State of charge estimation for lithium-ion batteries using gated recurrent unit recurrent neural network and adaptive Kalman filter

The state of charge (SOC) is one of the most important monitoring states for the battery management system. It is still a challenge to estimate the battery SOC accurately and stably. The conventional model-based filtering methods may cause inaccurate SOC estimation in application due to the high dependence on accurate battery model. And the emerging methods based on machine learning often have the problem of estimated SOC fluctuation when the current fluctuates greatly. To solve these problems, this paper proposes a robust and efficient combined SOC estimation method, GRU-AKF, which combines the gated recurrent unit recurrent neural network (GRU-RNN) and the adaptive Kalman filter (AKF). Firstly, the GRU-RNN is used to establish a mapping model between the battery measured variables and SOC in the full temperature range, and to achieve the SOC pre-estimation. Then, an AKF is employed to filter the output SOC of the GRU-RNN for reducing the fluctuation in pre-estimated SOC. Finally, the accurate and stable estimated SOC is obtained. In the experiments, the LiFePO 4 battery datasets at various temperatures are used to validate the SOC estimation performance and generalization ability. Specifically, the root mean square error is less than 1.3% and 5.8%, and the maximum error is less than 2.2% and 7.7% for the unknown data at positive and negative temperatures, respectively.
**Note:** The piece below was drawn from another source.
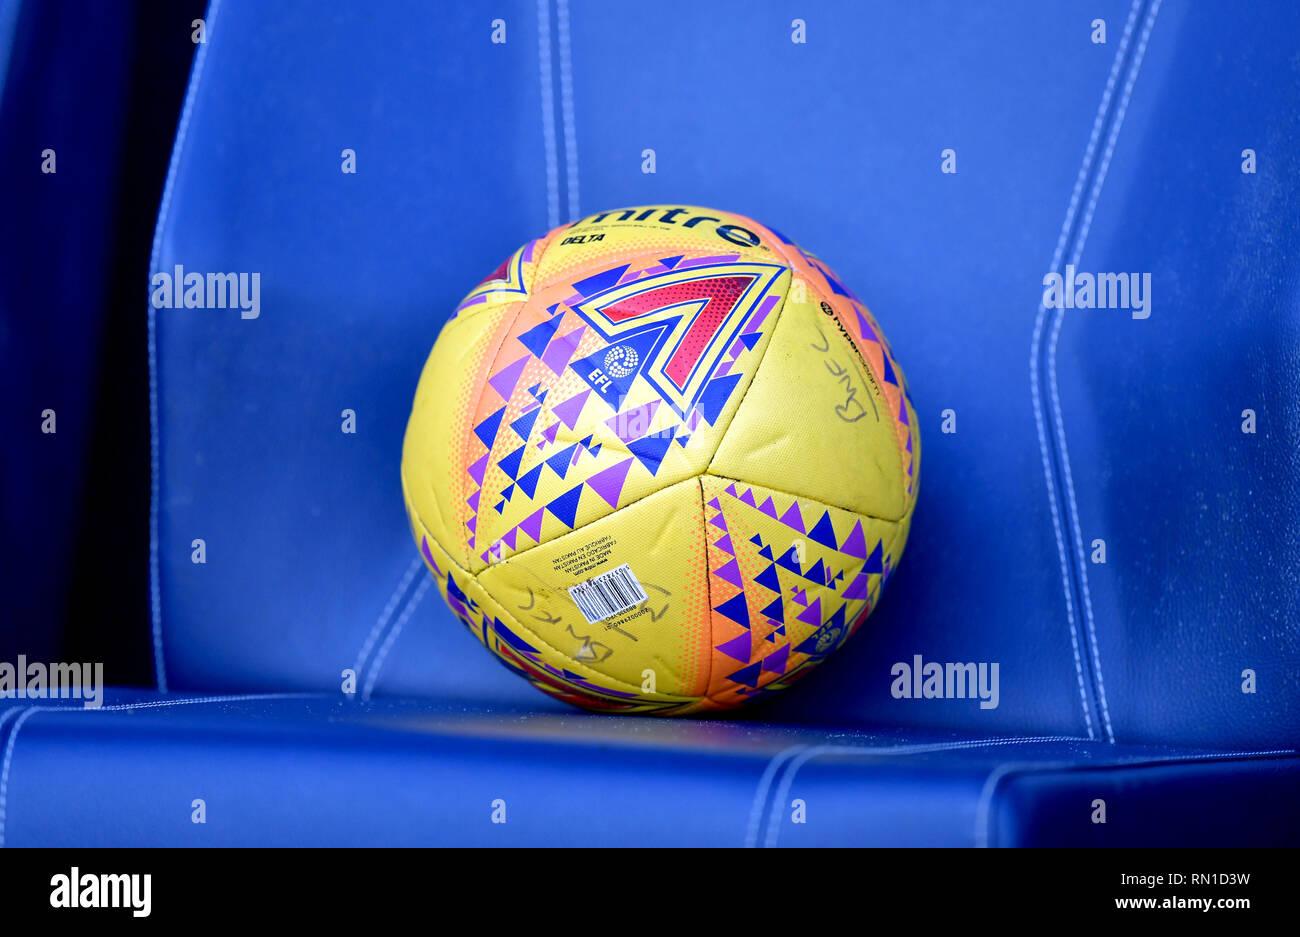 Una vista general de una mitra balón oficial en un asiento en el cielo  apuesta partido 7c9cd5f8cdd81

By comparing with other methods of the same type, the proposed method is demonstrated to be superior in SOC estimation performance and computation efficiency, especially it has excellent performance in initial SOC convergence ability. • A method combining neural network and Kalman filter is proposed for SOC estimation. • A GRU-RNN is used to achieve the pre-estimation of SOC. • An AKF is employed to reduce the fluctuation in pre-estimated SOC. • Comparative experiments between the method and other combined methods are designed. • The method exhibits accurate SOC estimation and excellent generalization ability.